Bien que l’EBV soit l’agent pathogène privilégié dans l’hypothèse d’une implication virale, d’autres pathogènes ne peuvent pas être exclus. Ces dernières années, l’éventuelle implication de deux autres pathogènes fut également favorisée : Chlamydia pneumoniae et le

virus herpétique humain 6 (HHV6). La découverte de l’ADN de Chlamydia pneumoniae

dans le LCR d’un patient souffrant de SEP fit grand bruit [Sriram et al. 1998] mais cette hypothétique association ne dura pas très longtemps par l’absence de confirmation sûre [Bagos et al., 2006]. Au contraire, le rôle de HHV6, virus en partie neurotrope [Braun et al., 1997], est encore fortement supposé comme influençant la susceptibilité à la SEP [Ascherio et al., 2007a]. Chez les patients SEP, l’ADN de HHV6 est plus fortement retrouvé au niveau du SNC comparé à un individu sain.
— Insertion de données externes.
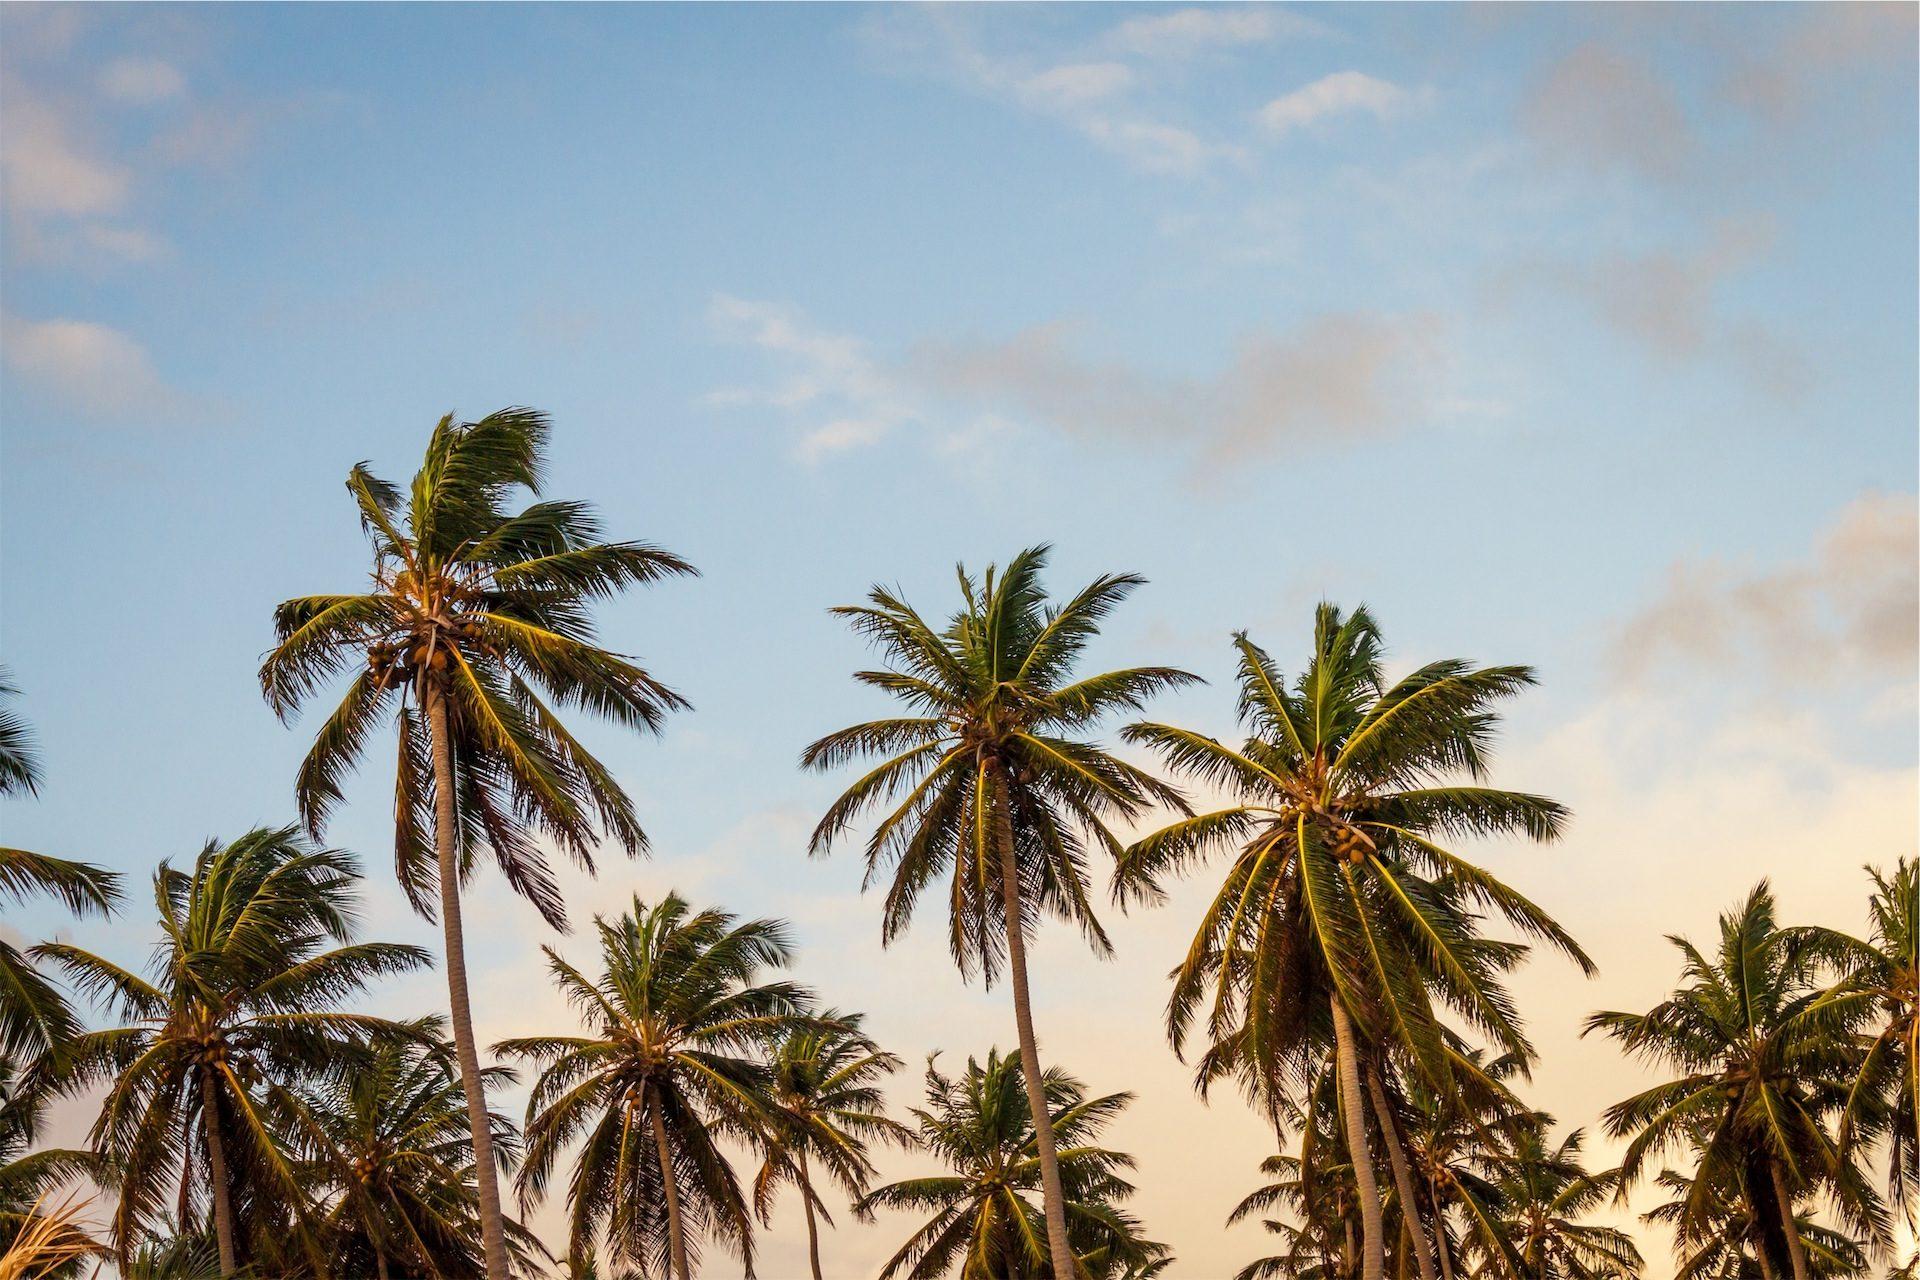 Palmen, OASE, Himmel, Wolken, Entspannen Sie sich - Wallpaper HD - Prof.-falken.com

Par ailleurs, la présence de cet ADN viral est augmentée localement au niveau des lésions inflammatoires par rapport à la substance blanche environnante [Cermelli et al., 2003]. Cependant, ce virus est aussi capable d’infecter les cellules immunitaires. Comme la nature des cellules infectées par HHV6 au niveau des lésions n’a pas été caractérisée, on ne peut pas exclure que l’augmentation de l’ADN de HHV6 observée soit le reflet d’un recrutement massif de cellules inflammatoires au niveau des lésions. Une autre étude nota une activité virale de HHV6, avec la production d’ARN, confinée aux oligodendrocytes à la fois chez les patients SEP et des personnes saines. Cependant, cette

activité virale semblerait beaucoup plus importante dans le SNC des personnes souffrant de SEP [Opsahl et al., 2005].

Il est qu’en même important de rappeler que malgré les troublantes associations trouvées entre divers pathogènes et la SEP, on ne peut pas exclure que les changements observés soient tout simplement la conséquence de changements biologiques mis en place lors de l’apparition d’une SEP plutôt que les causes de la maladie.